In this demo, you will learn the following,
- Performed Explanatory Data Analysis and applied extensive feature engineering, feature selection and on Diabetes patient’s hospital readmission data.
- Built Decision Tree and Logistic classifiers in python using Scikit-Learn to predict which patients might be readmitted to the hospital.

In [None]:
import seaborn as sns
import matplotlib.pyplot as plt
%matplotlib inline
import pandas as pd
from sklearn import preprocessing
from sklearn.model_selection import train_test_split
from scipy.stats import chisquare, ks_2samp
import numpy as np

# 1. Data Loading

In [None]:
# Reading the data into python with "pandas", file in GItHub
url = 'https://github.com/seanlam74/GMS6812/blob/master/training_data.csv'
df = pd.read_csv(url, error_bad_lines=False)
data.shape

In [None]:
# Reading the data into python with "pandas"
data=pd.read_csv('training_data.csv',header=0,skiprows=0,engine='python')
data.shape

In [None]:
# printing out first 5 observations
data.head()

In [None]:
#Printing all the columns in the dataset
print(data.info())

In [None]:
#Descriptive statistics of all the rows
pd.set_option('display.expand_frame_repr', False)
print(data.describe())

# 2. Data Wrangling

## 2.1 Data Quality Checks

Before we do analysis we need to make sure that there are no duplicate rows.<br> 
By looking at the data we can confirm that encounter_id is unique and we are checking if there are any duplicate encounter_ids and we find that there aren't any.

In [None]:
ids = data['encounter_id']
data[ids.duplicated()]

In [None]:
#checking if there are any duplicates in encounter_id - no duplicates found
ids = data['encounter_id']
data[ids.isin(ids[ids.duplicated()])]

In [None]:
# remove duplicates and check again
data = data.drop_duplicates()
data[ids.duplicated()]

In [None]:
# Considering values with '?' as missing values.
data = data.replace('?', np.NaN )

In [None]:
# Two observation is unknown in gender.
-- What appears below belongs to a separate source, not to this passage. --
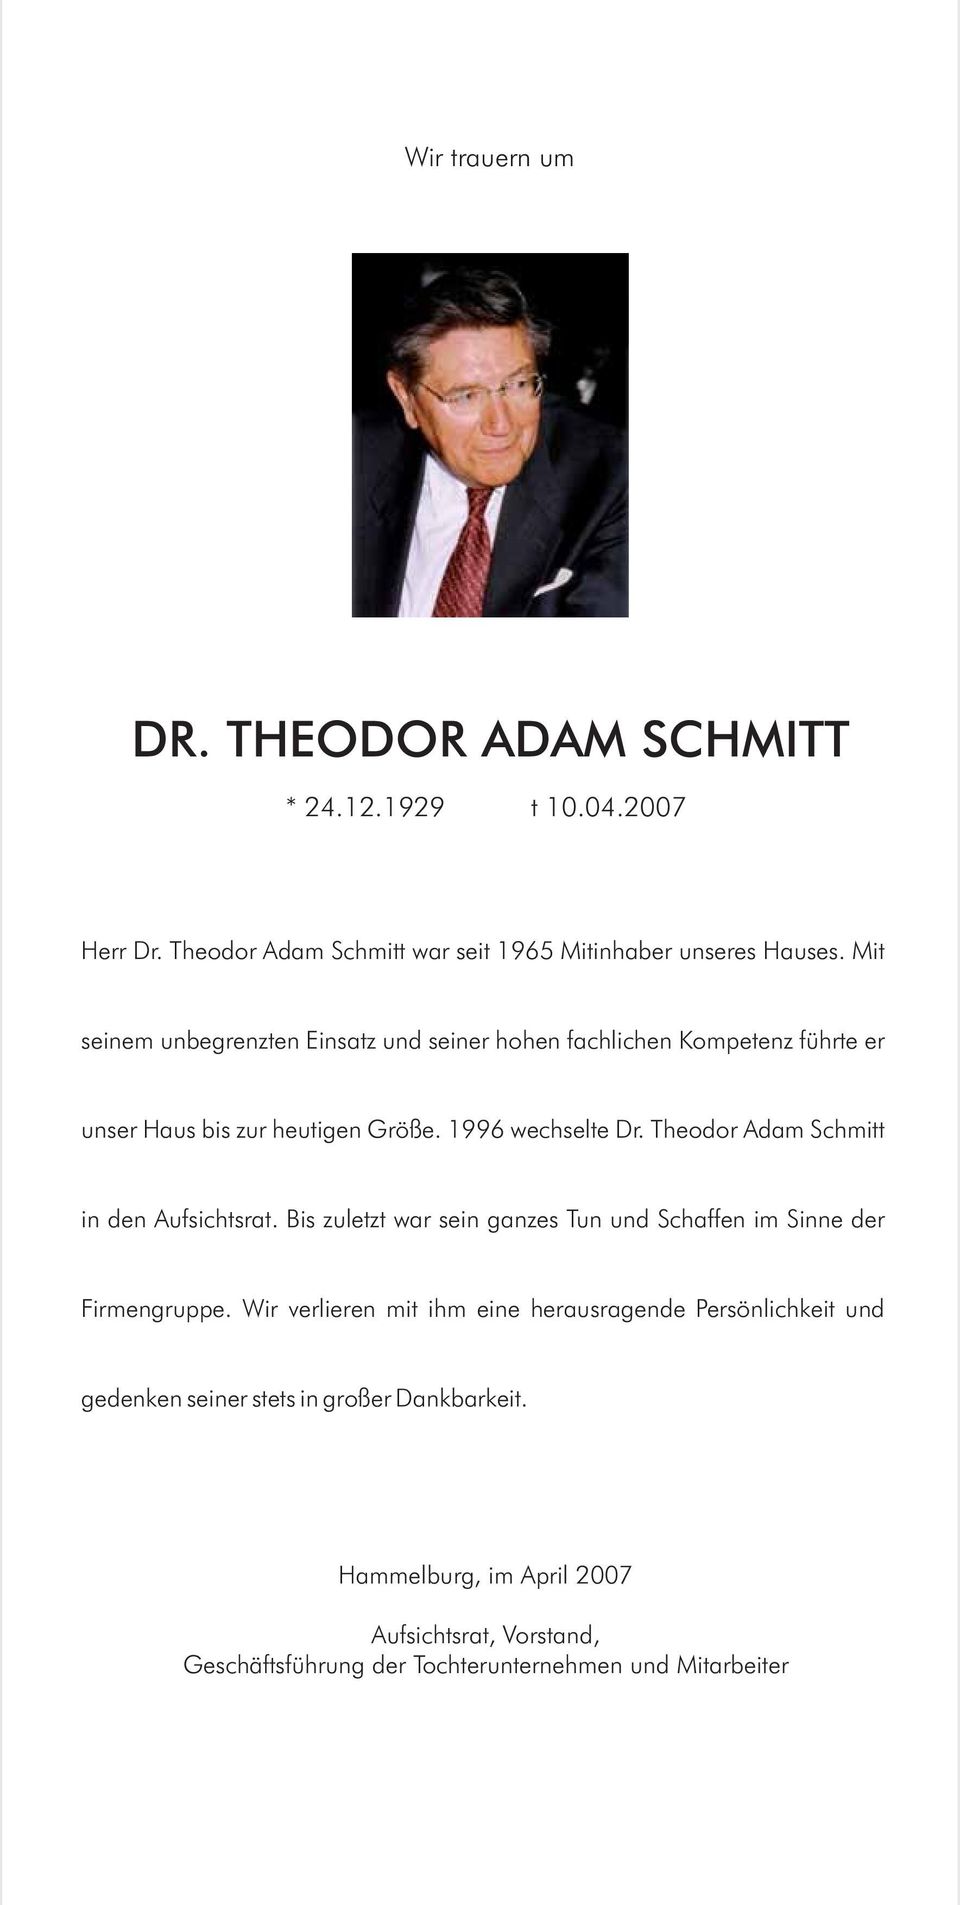 Theodor Adam Schmitt in den Aufsichtsrat. Bis zuletzt war sein ganzes Tun und Schaffen im Sinne der Firmengruppe.

Replace it as a null value
print('gender', data['gender'][data['gender'] == 'Unknown/Invalid'].count())
data = data.replace('Unknown/Invalid', np.NaN )

In [None]:
# finding the number of null values in each column
print(data.isnull().sum())

Any row that has more than 40% missing values is rejected.

In [None]:
# Weight has almost 99% of missing data ; Payer_code and medical_speciality has around 45% of missing data. 
data.drop(['weight','payer_code','medical_specialty','diag_2', 'diag_3'],axis=1,inplace=True)
data.shape

In [None]:
#Dropping rows with missing values
data.dropna(inplace=True)
data.shape

In [None]:
data[0:3]

In [None]:
# creating a list of categorical and numeric columns names
categorical=data.select_dtypes(include=['object']) # select strings
numeric=data.select_dtypes(exclude=['object'])
print(categorical.columns.values)
print(numeric.columns.values)

In [None]:
# printing the frequency count of all the categorical features
for col in categorical:
    print(categorical[col].value_counts())

In [None]:
# printing the frequency of all the numeric features
for col in numeric:
    print(numeric[col].value_counts())
# Didn't find any outliers

In [None]:
for col in categorical:
    categorical[col].value_counts().plot(kind='bar')
    plt.show()    

In [None]:
#data['max_glu_serum'].unique()

In [None]:
for col in numeric:
    numeric[col].plot.hist(bins=6)
    plt.show()

In [None]:
# Deleting the 2 columns because they have all the observations only in one category 
data.drop(['examide','citoglipton'],axis=1,inplace=True) # axis=1 column
data.shape

In [None]:
#Making the target variable and other variables binary
data = data[data['readmitted'].isin(['Y', 'N'])] # keep those with Y/N
data['readmitted'] = data['readmitted'].apply(lambda x: 0 if x == "N" else 1)
data['change'] = data['change'].apply(lambda x: 0 if x == "No" else 1)
data['gender'] = data['gender'].apply(lambda x: 0 if x == "Female" else 1)
data['diabetesMed'] = data['diabetesMed'].apply(lambda x: 0 if x == "No" else 1)
data.shape

In [None]:
# There are 3 types of visits to a hospital. 1) Inpatient 2) Outpatient 3) Emergency.
# Combining them into a single column
data['total_visits'] = data['number_outpatient'] + data['number_emergency'] + data['number_inpatient']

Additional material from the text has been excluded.